After a while people get tired of not having a solid larger context. There comes a craving for context. What does this article mean? How do I see this point of view in light of the bigger picture? What is “the rest of the story?” as Paul Harvey used to say. So, we develop a thirst for narratives and the stories that hold things together.

(I could get philosophical here and talk about the effect of postmodernism, the destruction of the grand narrative concept, the accompanying idea that everything is about “me,” and so forth. It’s all tied together. But I’ll save that for another time.)

#2) Besides not having context we are overloaded with analytical information (rather than analogical information). Analysis uses mostly the left side of the brain while analogy tends to use the right side. Honestly, I believe the left sides of our brains are becoming weary. A good story, happy ending or sad ending, a laugh, a joke – these carry much more water nowadays.

#3) We are not satisfied, even in the midst of our technology. Yes, technology can be great. I look around my desk at all the digital tools that I have. (I was a pioneer in digital space). But, you know what? Sometimes I get tired of talking to and listening to robots. We begin to long for human faces (OK, some don’t and they are starting to scare me). We want to talk with people.

But more and more, robots are replacing people in our lives. Try calling a support desk to get help understanding the gadget you’re trying to work with and often you get more robots, or at best phone menus. Where are the human beings? The big question of the future may be: “How can we tell the human being from the robot?” – If I were to place a bet it would be decided by who tells the best story. I have noticed that I am developing a habit of cheering when a help desk (human) makes a mistake. “I am so glad you are a human!” I tell them.

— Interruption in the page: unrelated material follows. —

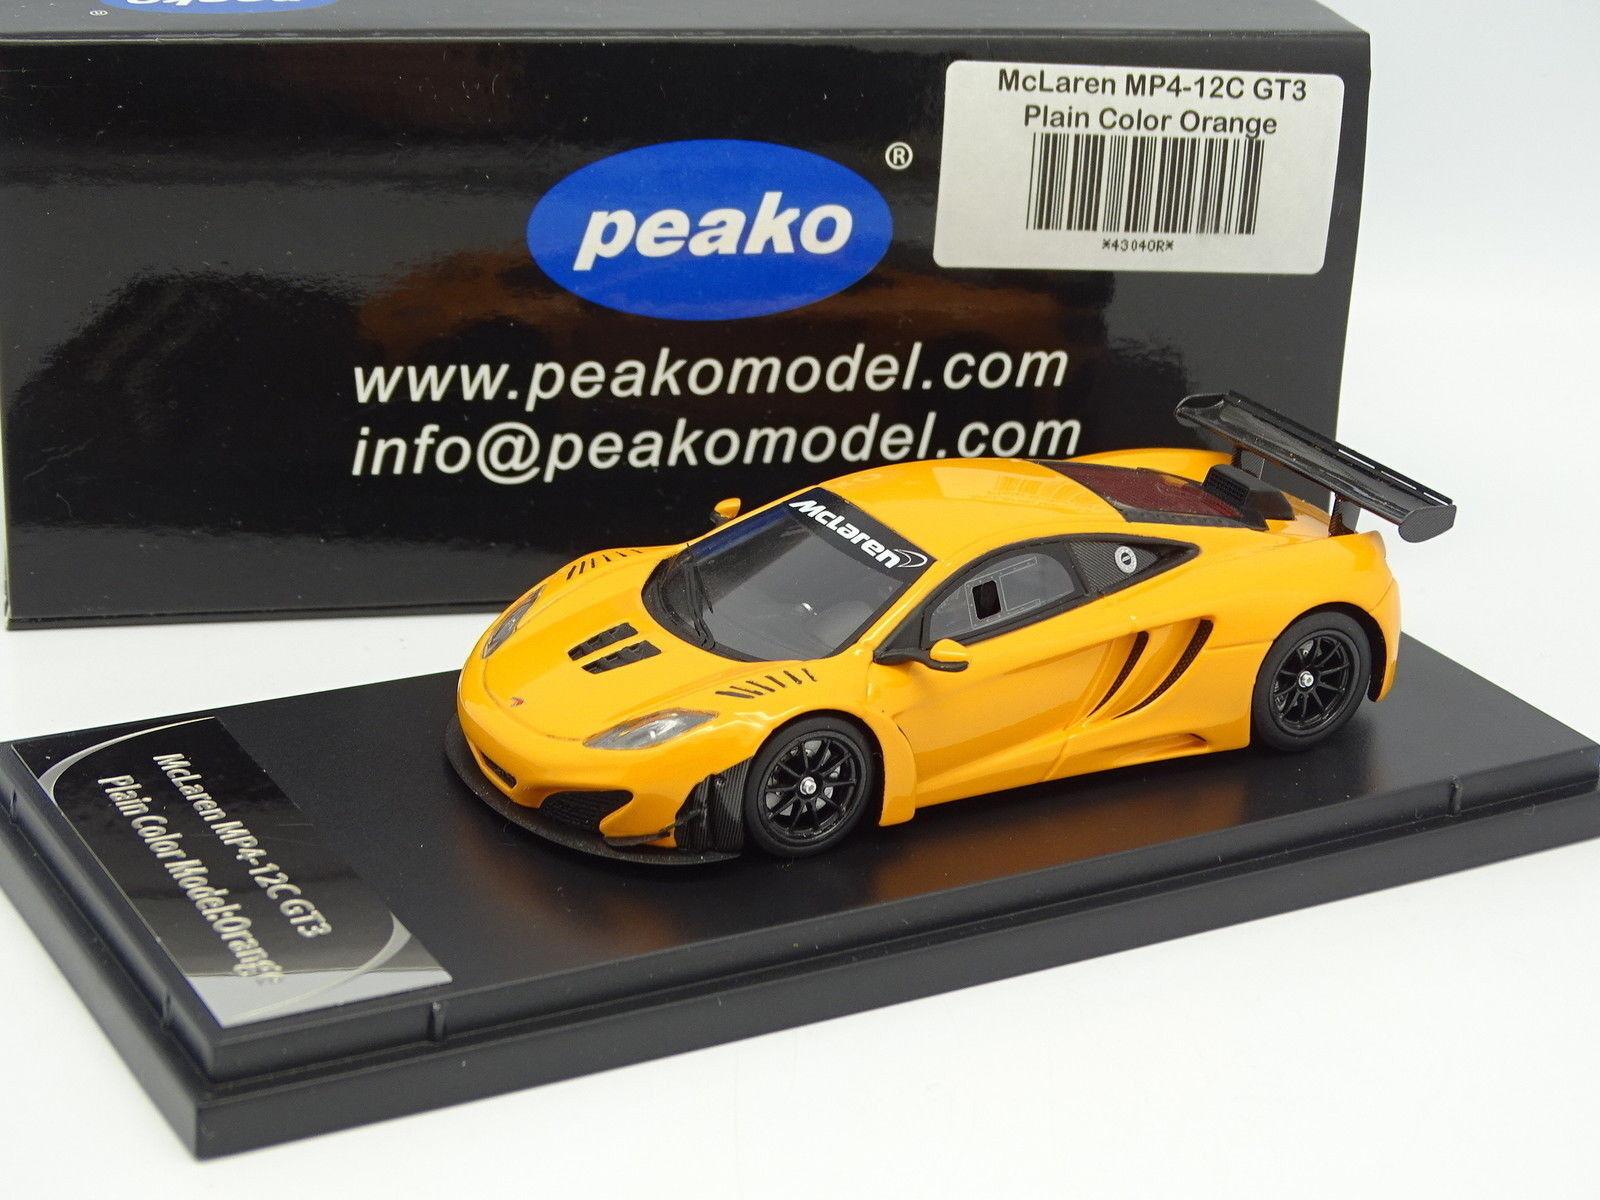 Peako resin 1 43 - mclaren mp4-12c gt3 plain color model orange

Yes we’re hungry for stories. We are starving for stories. It may be a fad and a buzzword in business but it’s not a gimmick. It is part of the essence of human communication.

(Now. Having finished all that necessary analysis, let me tell you an interesting story!)

A few years ago, I was working with an influential organization in the mid-Atlantic region of the US. The president of the company and I were both southerners, and, as many southerners do, we started most of our business “chats” by telling stories. One day we had an important problem to solve, and one of the high-level managers was in the president’s office to help work on the solution. He was a very “straight-to-the-point” fellow and not fond of beating around the bush, so to speak. After about 25 minutes of watching stories flow between the president and me, the other manager was visibly frustrated.

The president then stood up, we shook hands and he said, “We solved it.” The other manager was befuddled. But we had figured it out. As we had laughed and gone through some good tales, the solution had become very obvious to the two of us. I am not sure the other manager has figured it out to this day.